TASK DESCRIPTION => Starting at the line below with "Cool 30 Tropical" and stopping at the line with "essay on brazilian", please print each line exactly, those two included, and skip every picture.

RECORDS PROVIDED =>
········
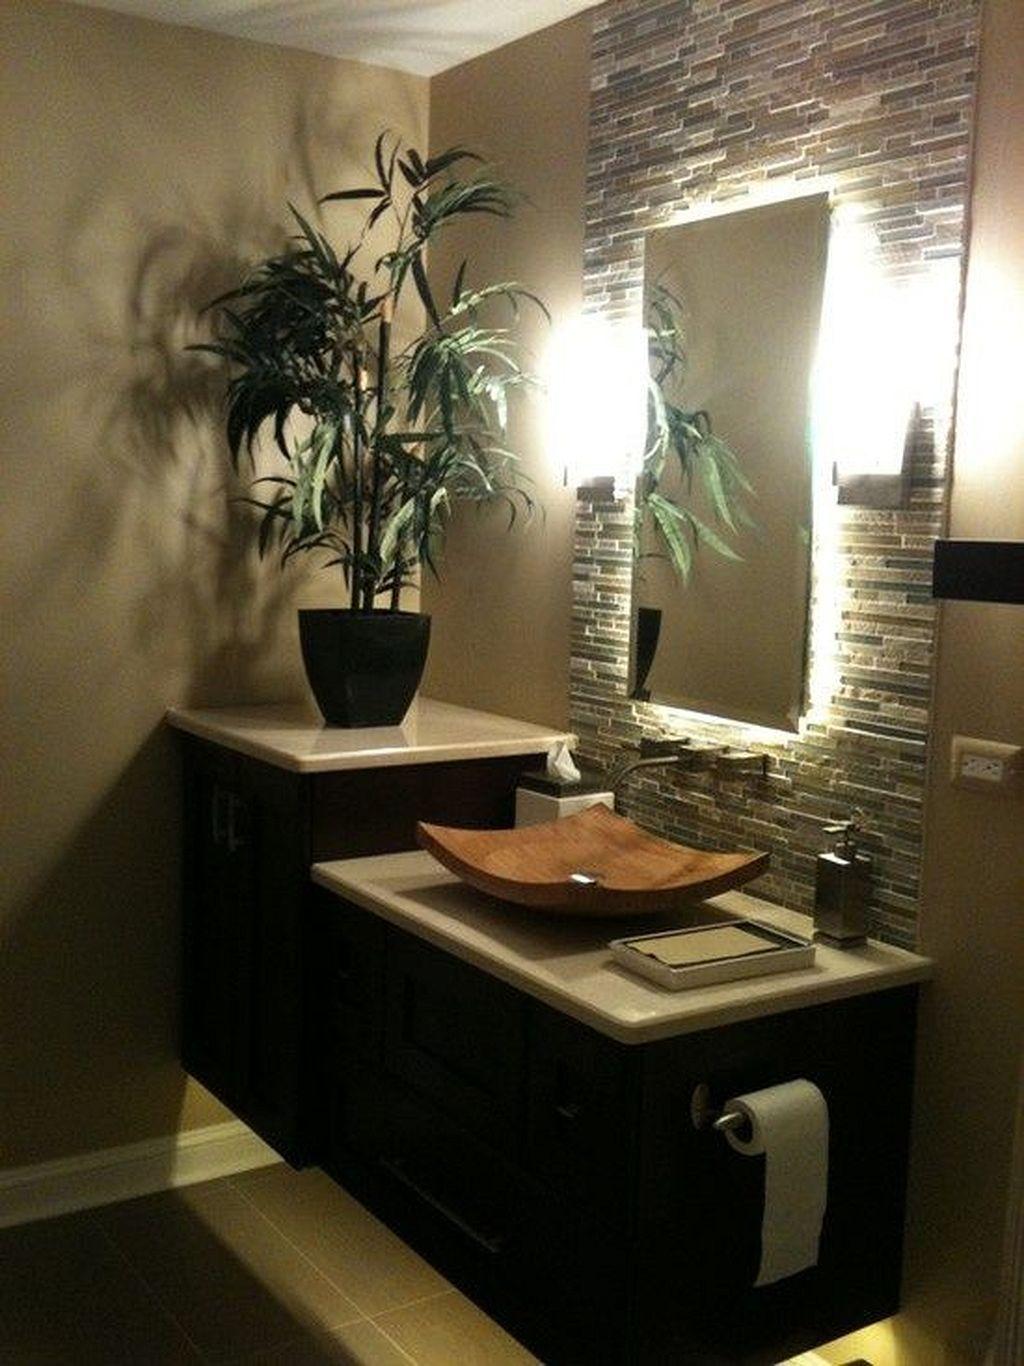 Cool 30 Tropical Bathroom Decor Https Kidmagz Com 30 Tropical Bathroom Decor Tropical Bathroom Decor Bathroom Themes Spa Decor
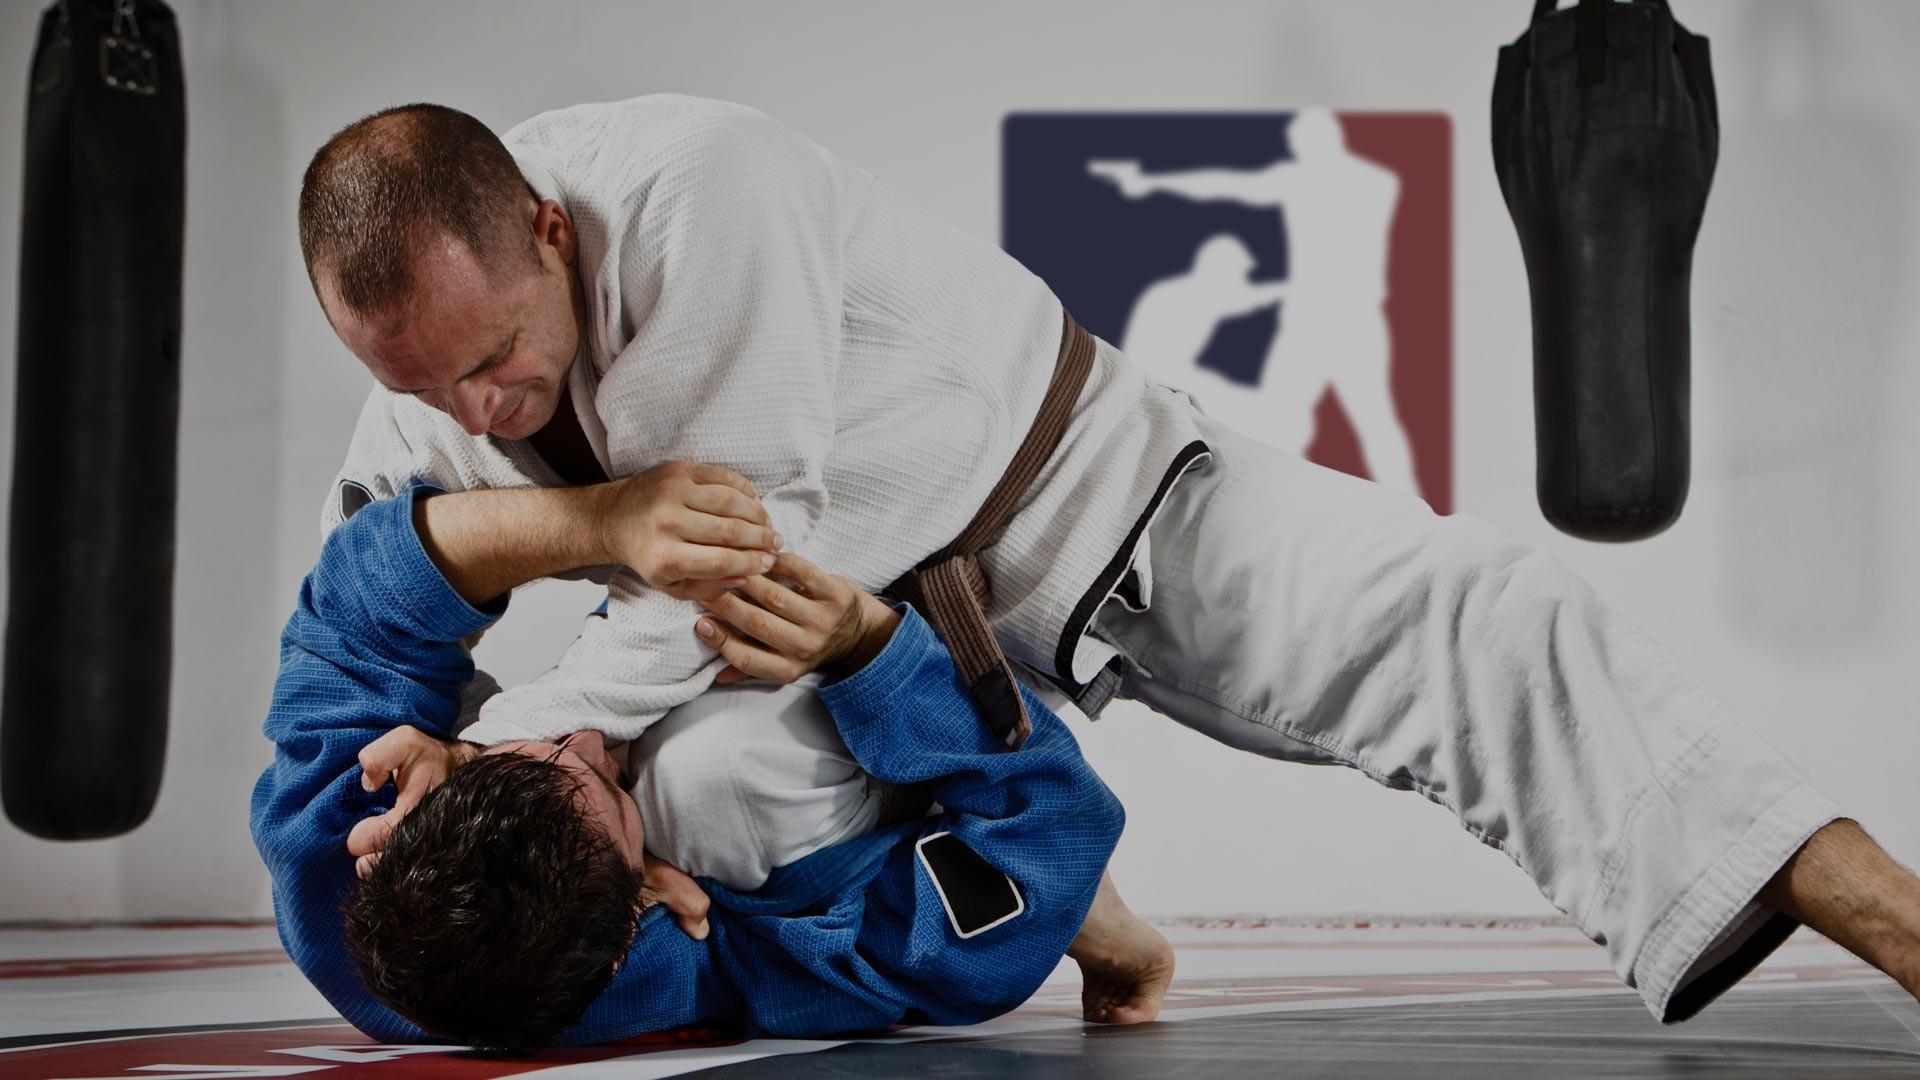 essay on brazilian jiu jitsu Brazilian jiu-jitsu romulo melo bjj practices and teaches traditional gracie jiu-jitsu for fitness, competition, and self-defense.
········
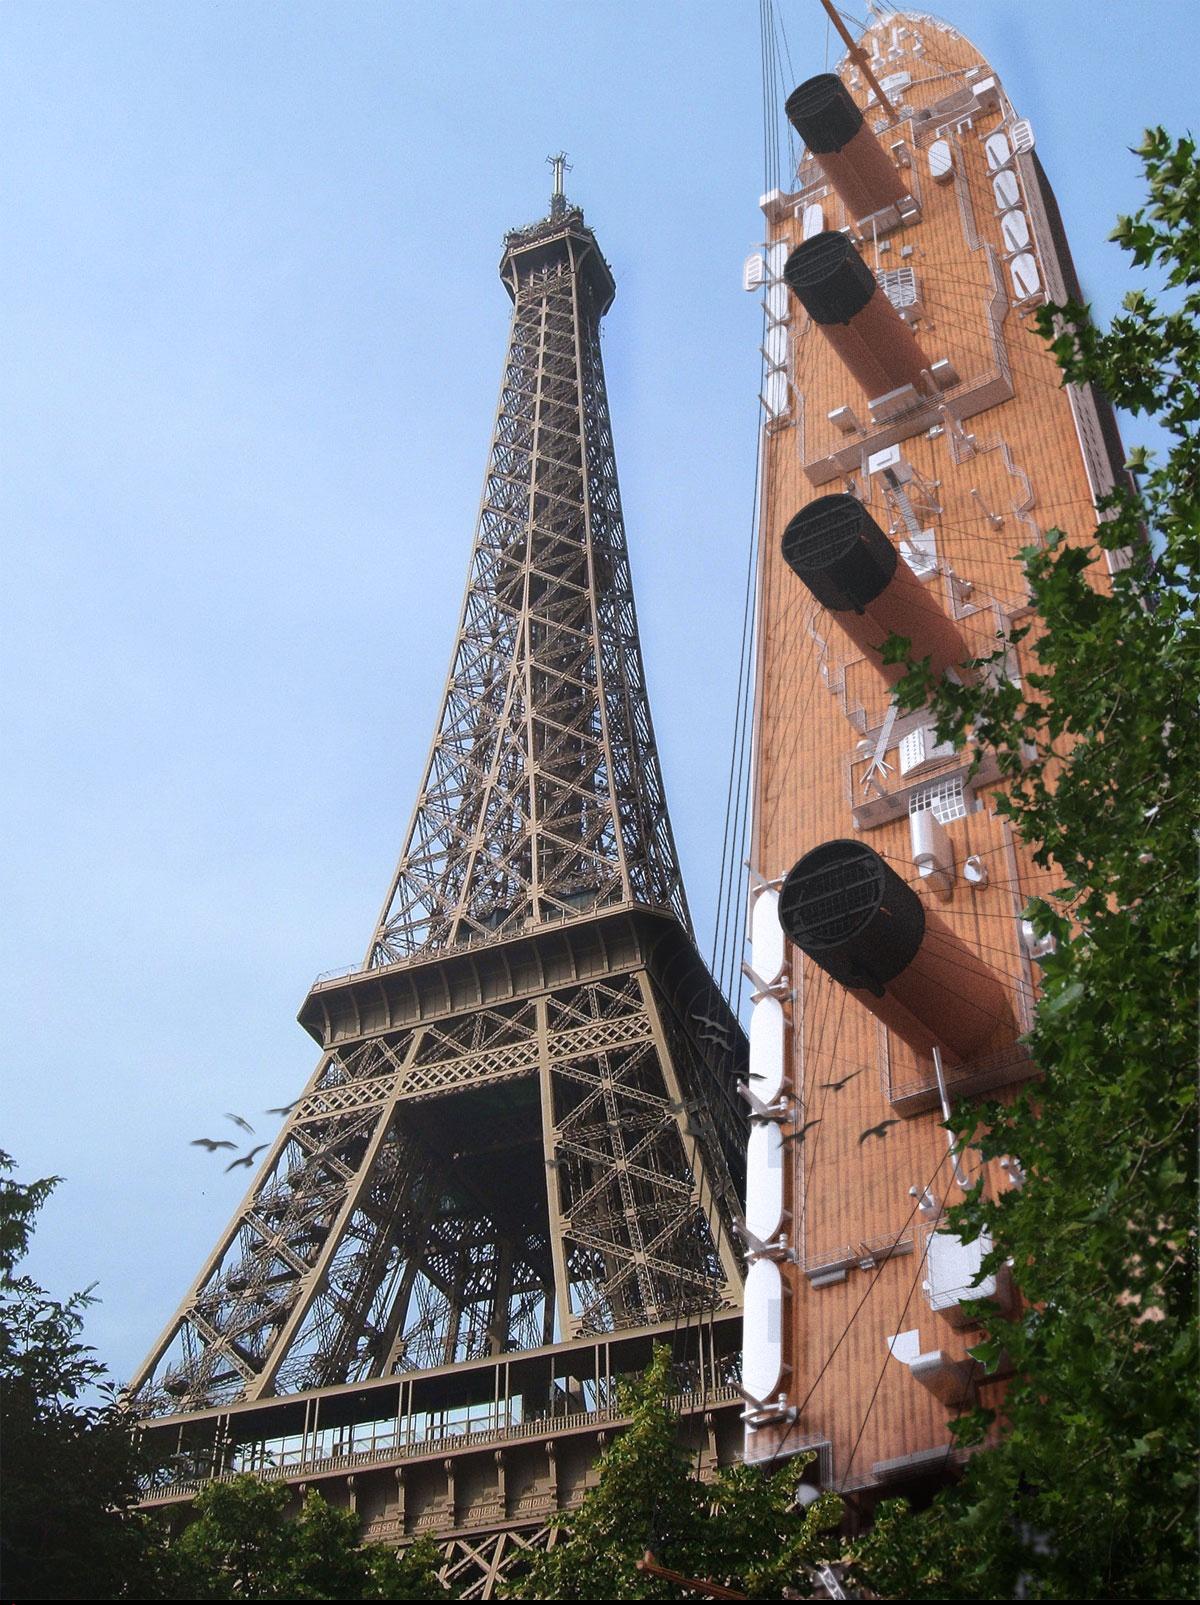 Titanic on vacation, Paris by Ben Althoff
········
RESULT =>
 Cool 30 Tropical Bathroom Decor Https Kidmagz Com 30 Tropical Bathroom Decor Tropical Bathroom Decor Bathroom Themes Spa Decor
 essay on brazilian jiu jitsu Brazilian jiu-jitsu romulo melo bjj practices and teaches traditional gracie jiu-jitsu for fitness, competition, and self-defense.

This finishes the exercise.